WHAT IS REQUIRED → Begin at the line below that holds "PG3 Pg 3 Erkek" and end at the line that holds "WMW Symposium DFS, featuring", transcribing each line exactly and skipping any picture.

SUPPLIED INFORMATION →

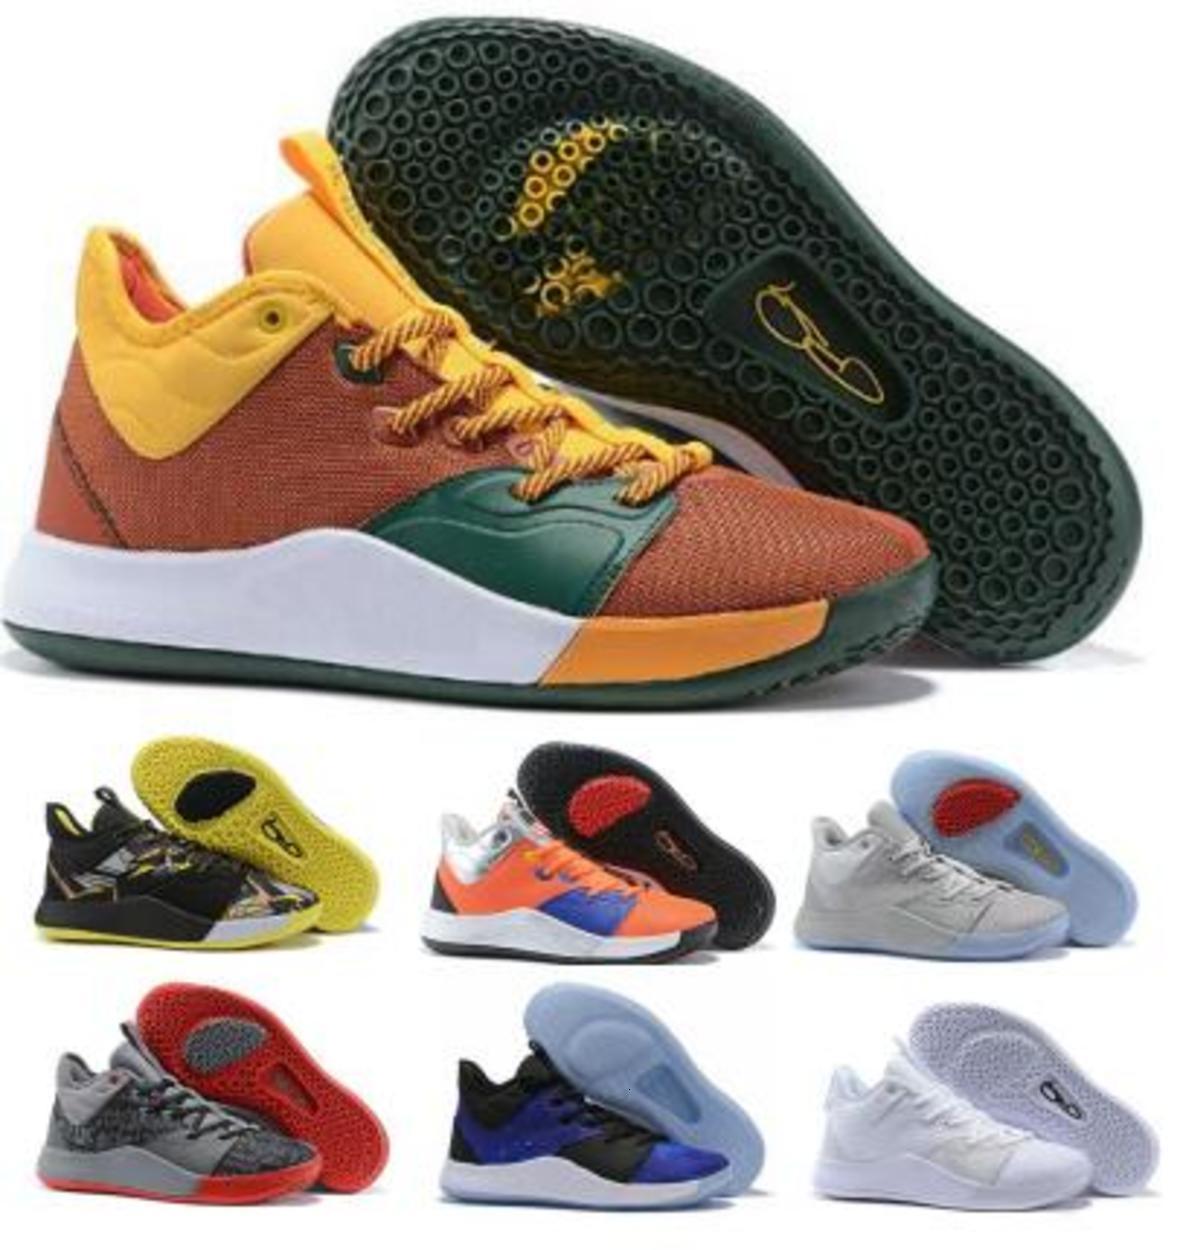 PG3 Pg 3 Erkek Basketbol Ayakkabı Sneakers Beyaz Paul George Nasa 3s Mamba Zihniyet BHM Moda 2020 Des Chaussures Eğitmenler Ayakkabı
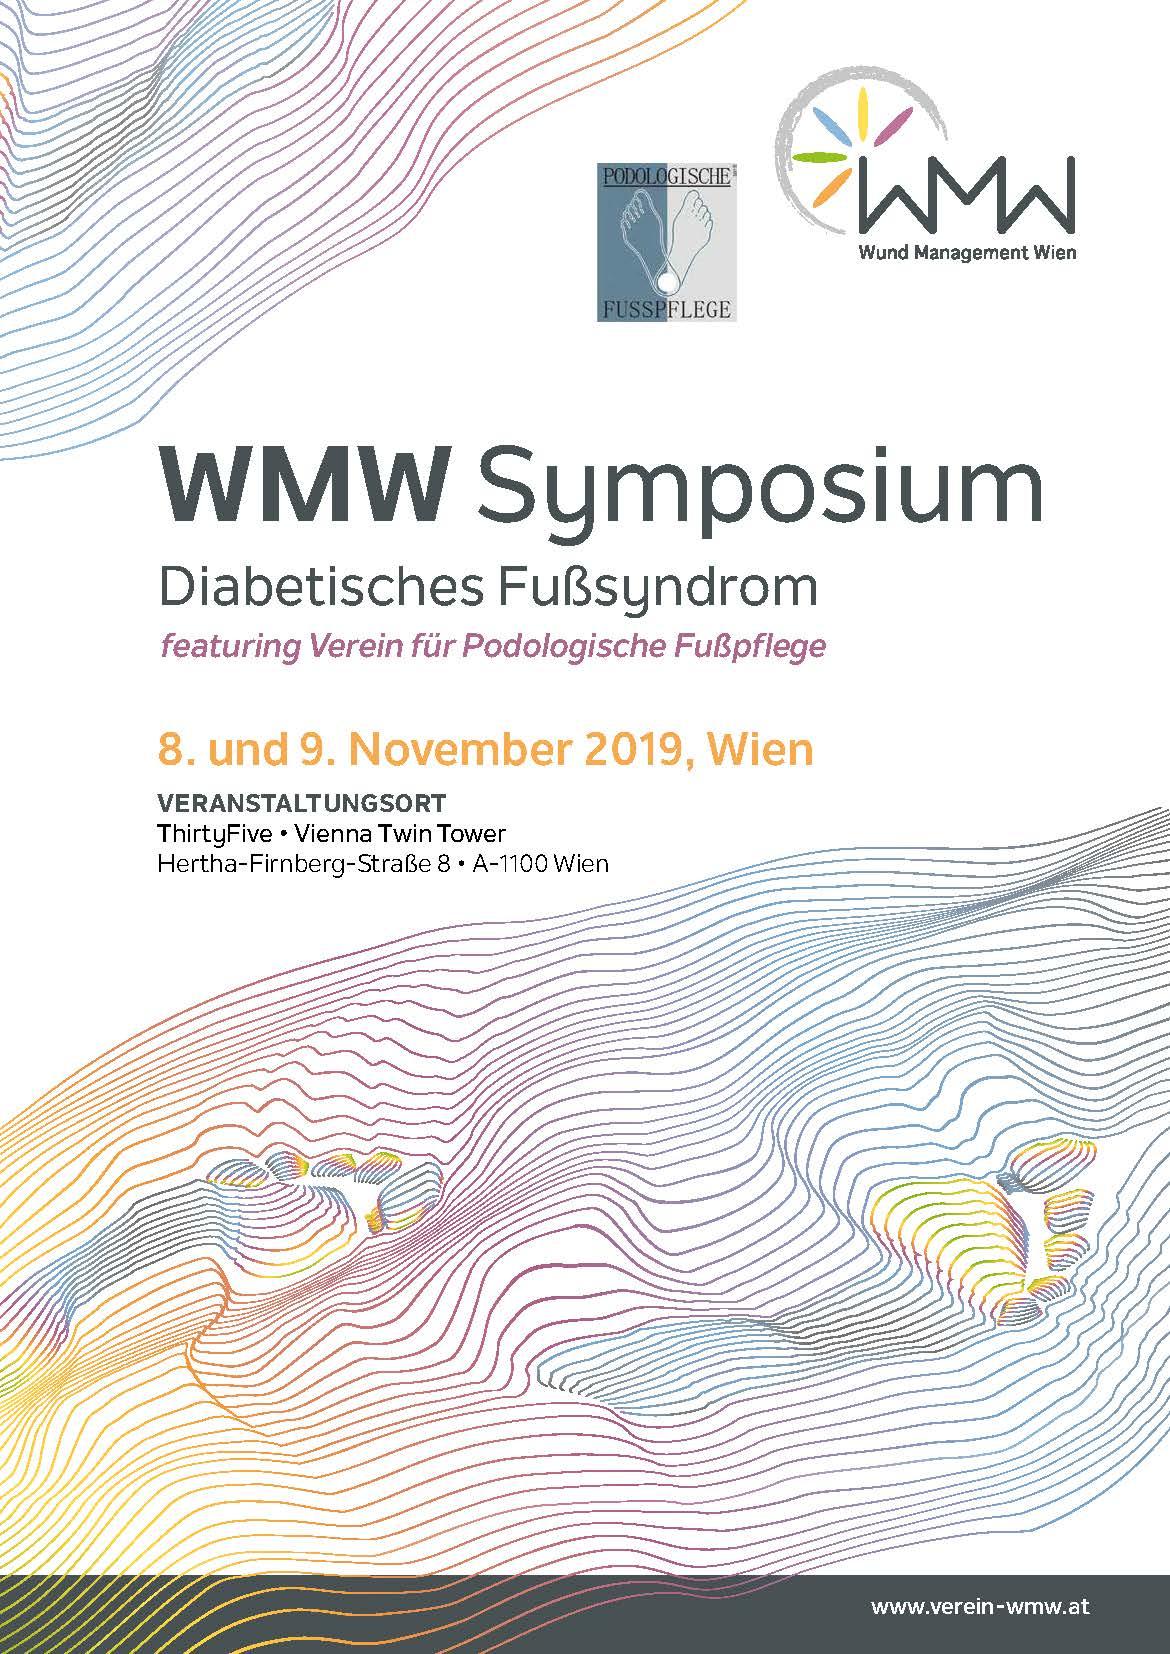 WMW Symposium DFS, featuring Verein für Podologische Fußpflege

--

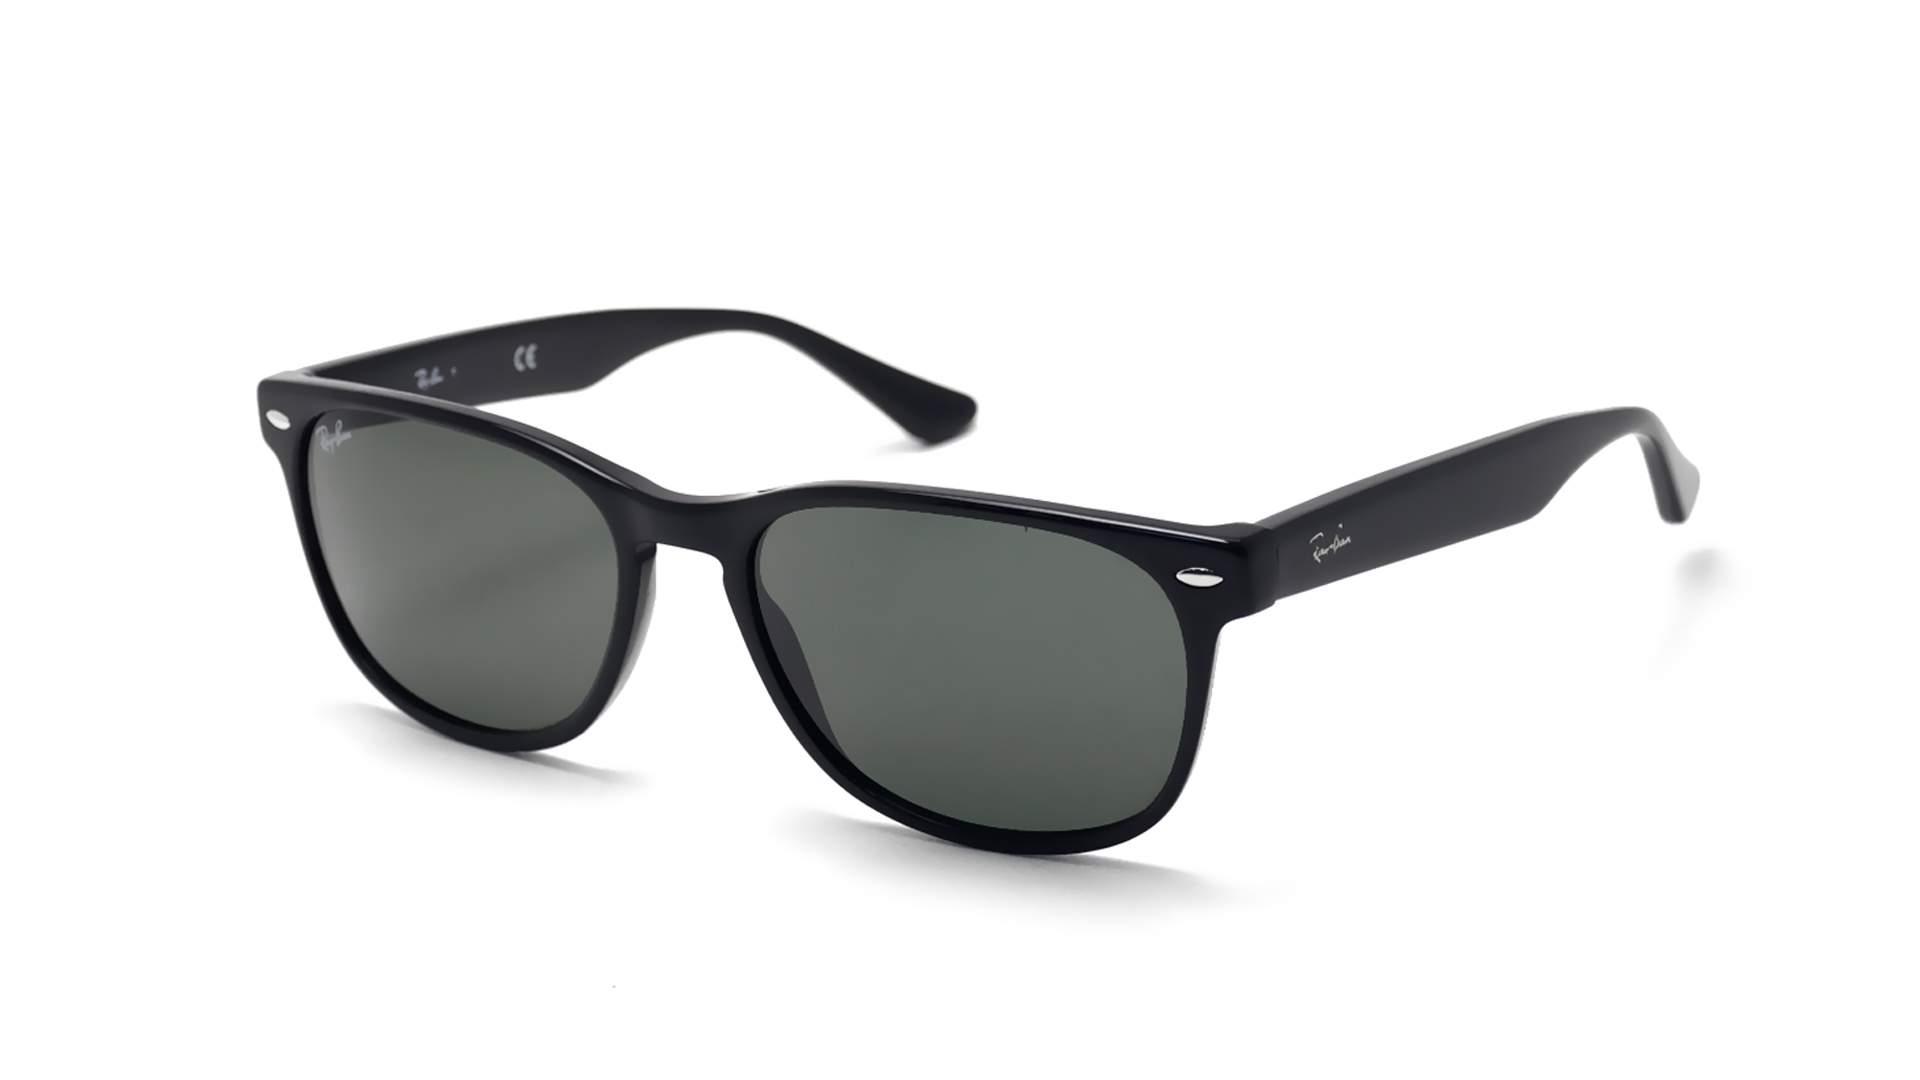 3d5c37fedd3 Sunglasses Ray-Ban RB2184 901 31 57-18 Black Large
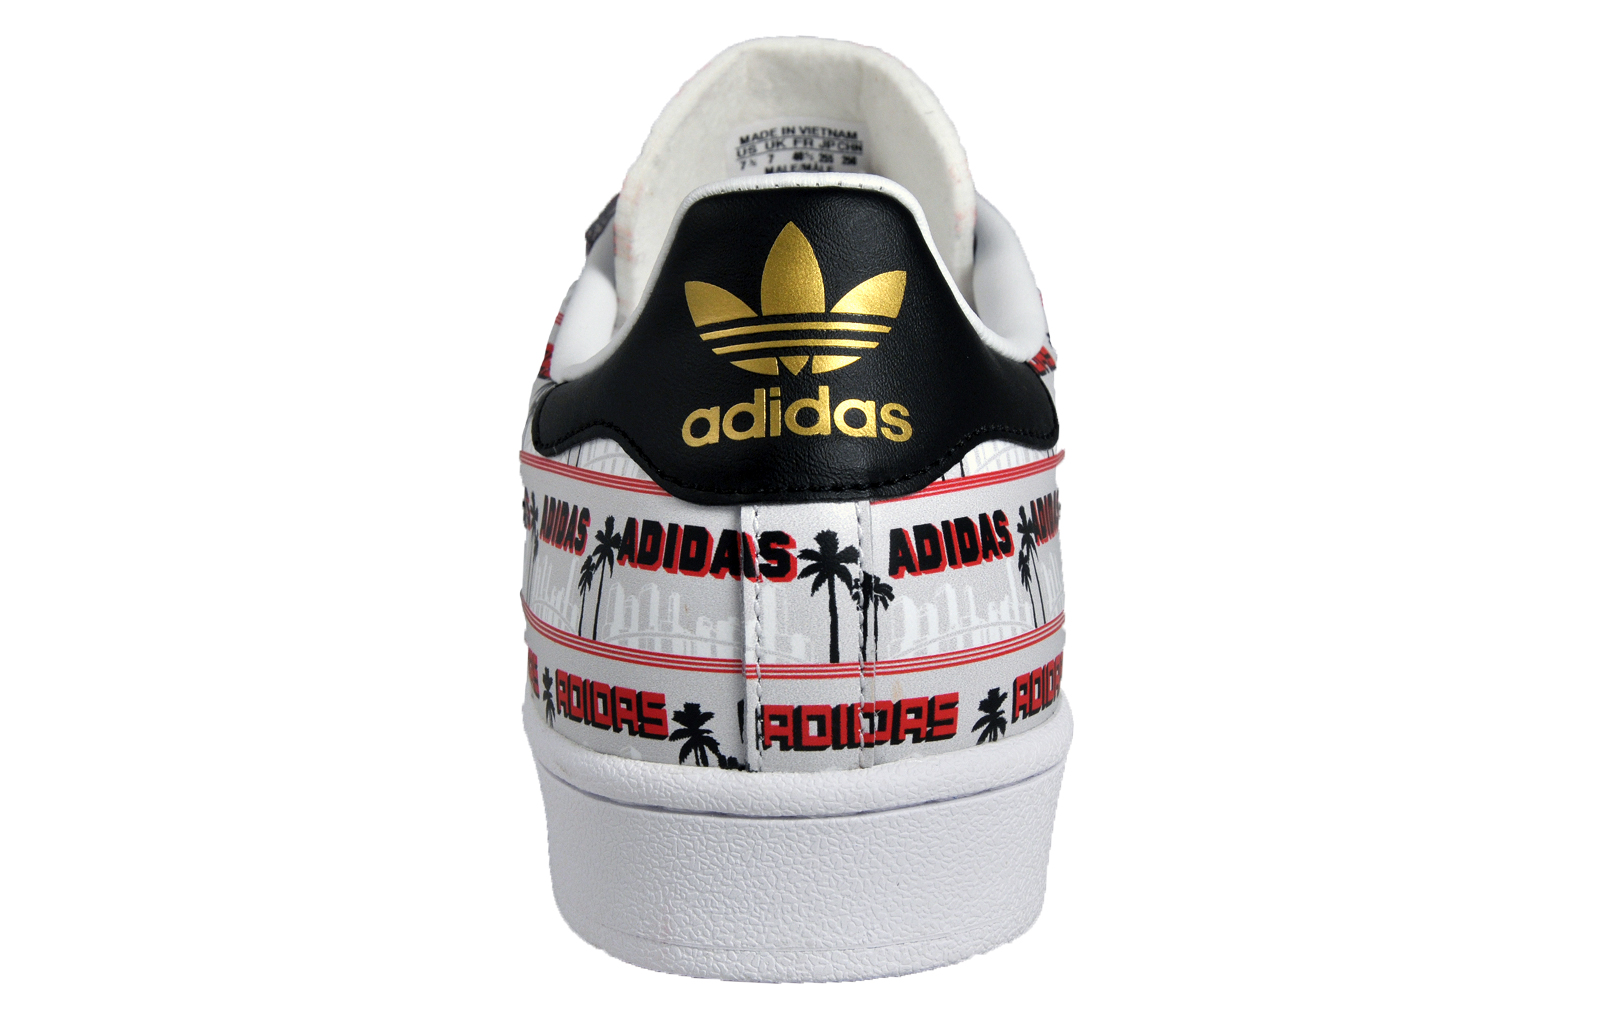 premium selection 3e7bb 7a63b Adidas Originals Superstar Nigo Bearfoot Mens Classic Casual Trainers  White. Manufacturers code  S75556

TASK ANSWER →
 PG3 Pg 3 Erkek Basketbol Ayakkabı Sneakers Beyaz Paul George Nasa 3s Mamba Zihniyet BHM Moda 2020 Des Chaussures Eğitmenler Ayakkabı
 WMW Symposium DFS, featuring Verein für Podologische Fußpflege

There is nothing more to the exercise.